Collected material:
........
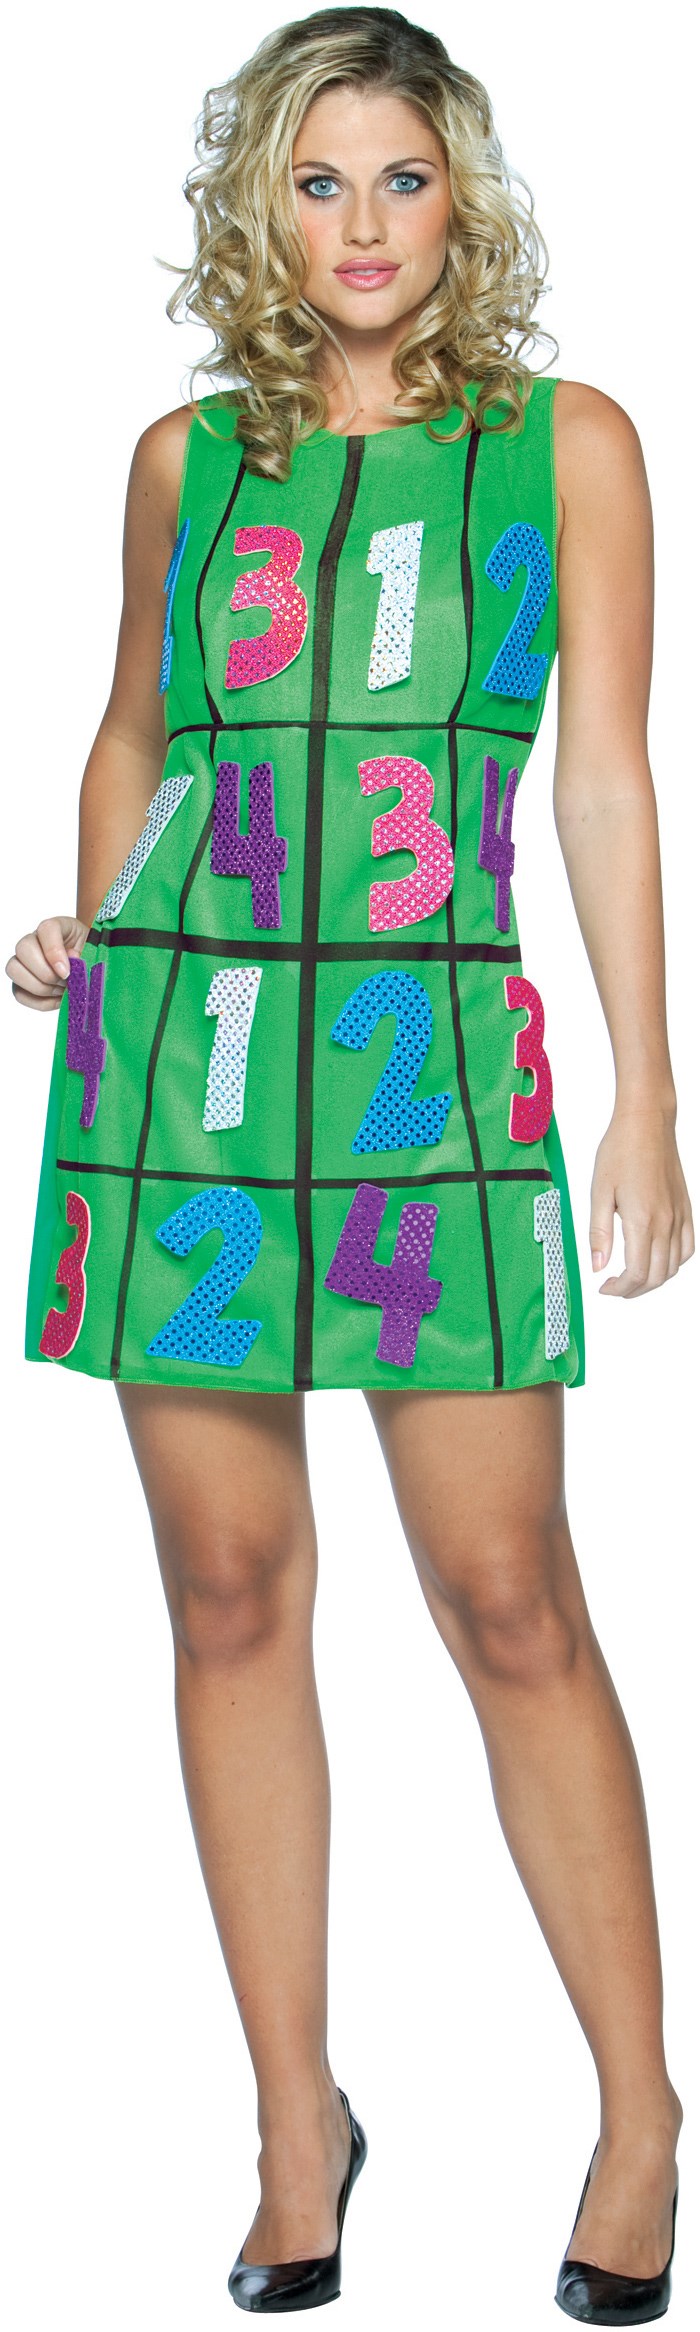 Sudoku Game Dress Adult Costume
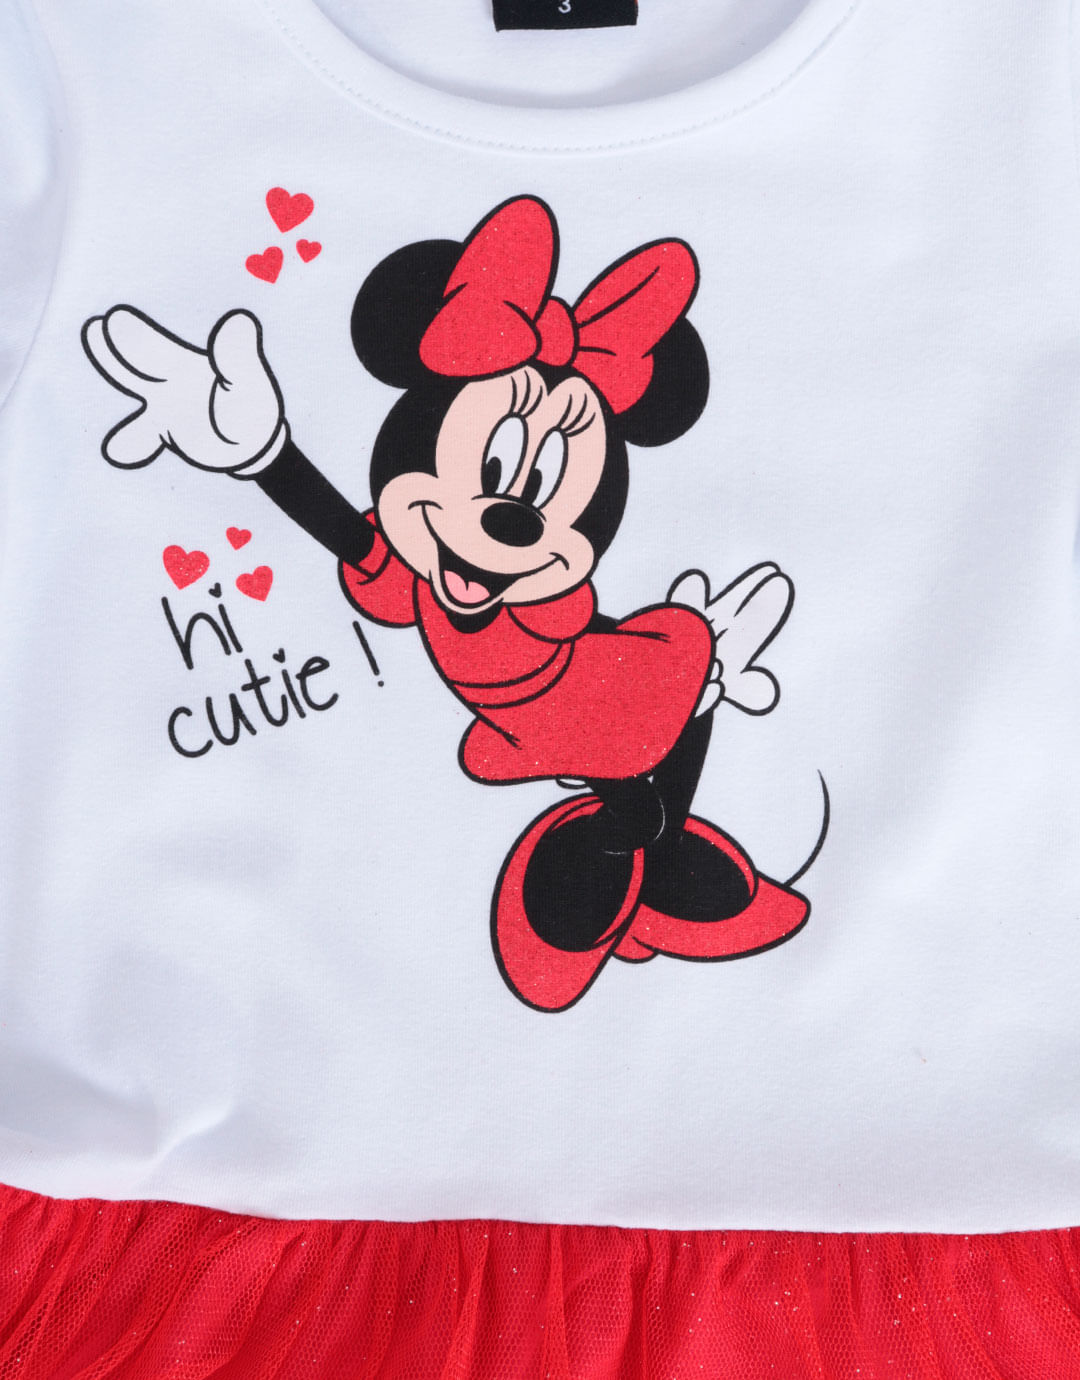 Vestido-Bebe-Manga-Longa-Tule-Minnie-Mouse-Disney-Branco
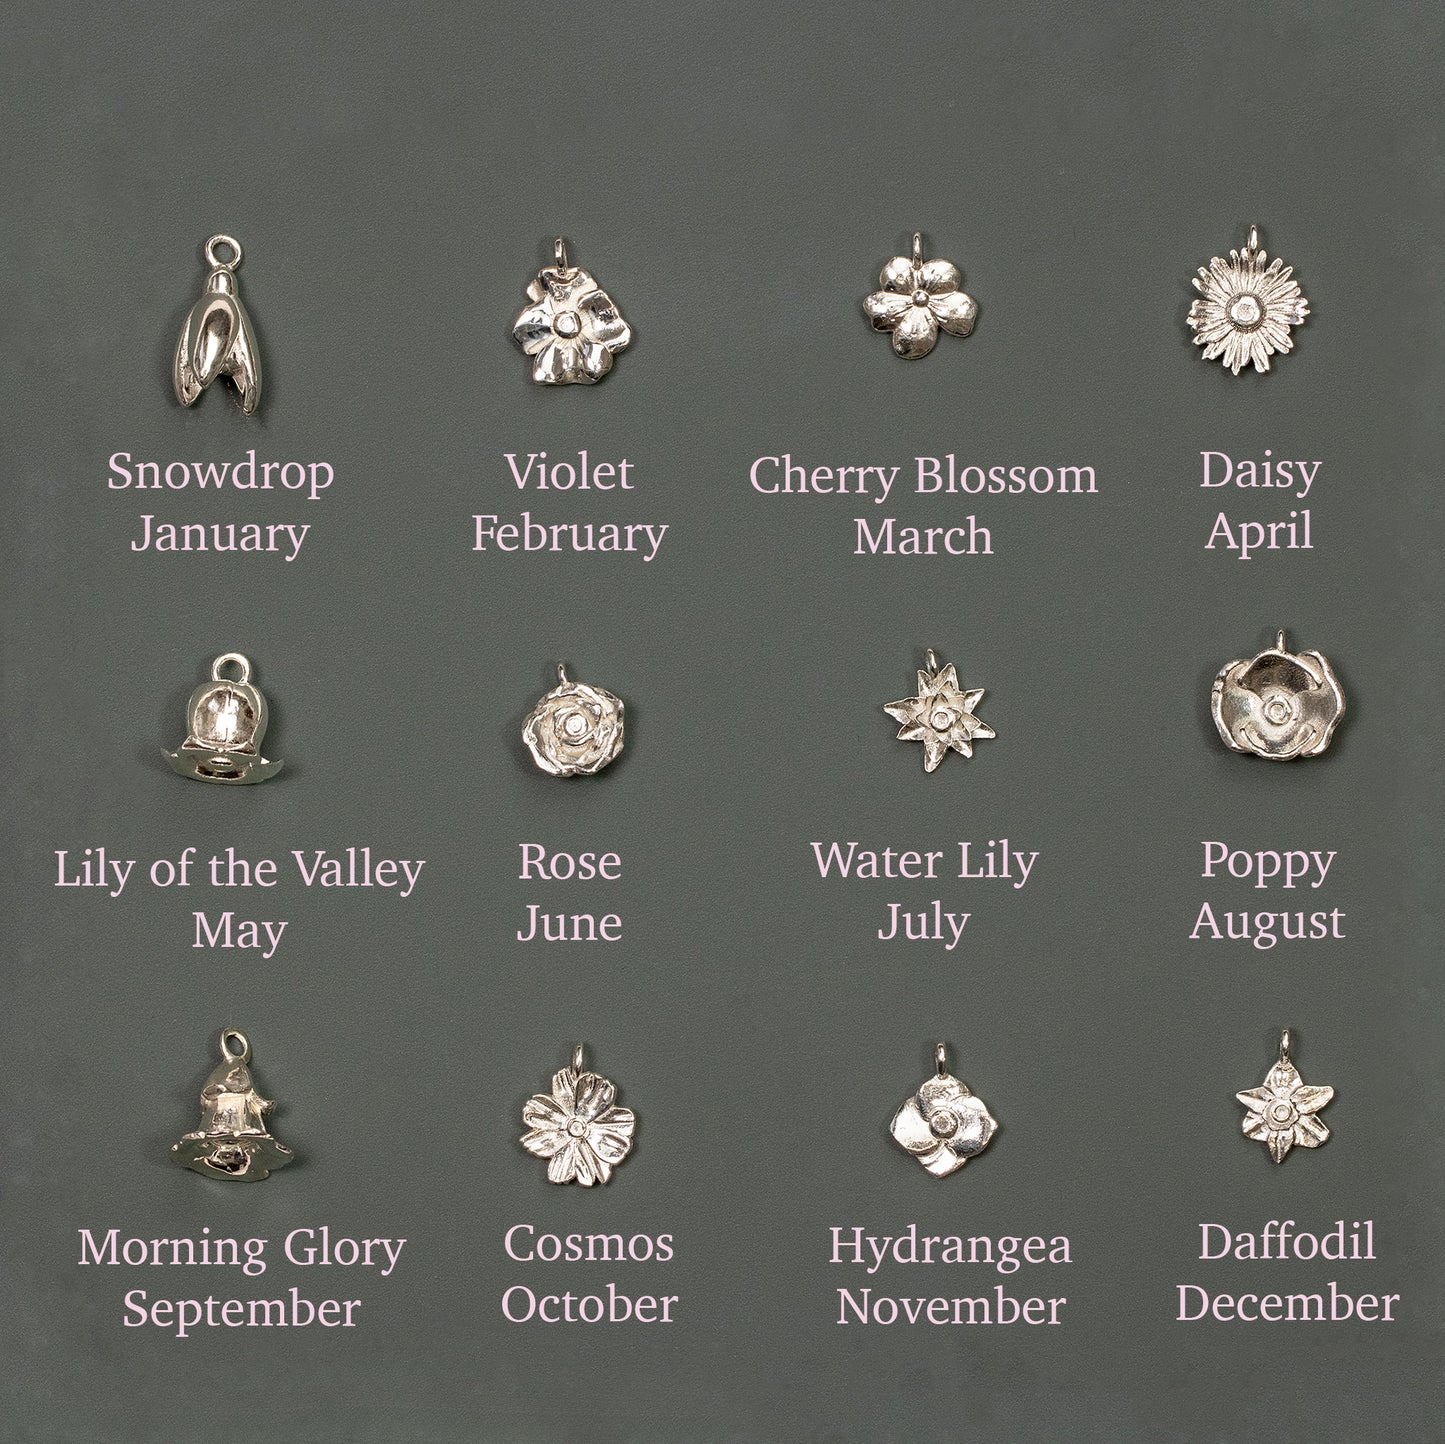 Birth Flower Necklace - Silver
........
Exactly and only the lines from the one holding "Vestido-Bebe-Manga-Longa-Tule-Minnie-Mouse-Disney-Branco" through the final line of the material must be returned, both ends included, without any pictures.

 Vestido-Bebe-Manga-Longa-Tule-Minnie-Mouse-Disney-Branco
 Birth Flower Necklace - Silver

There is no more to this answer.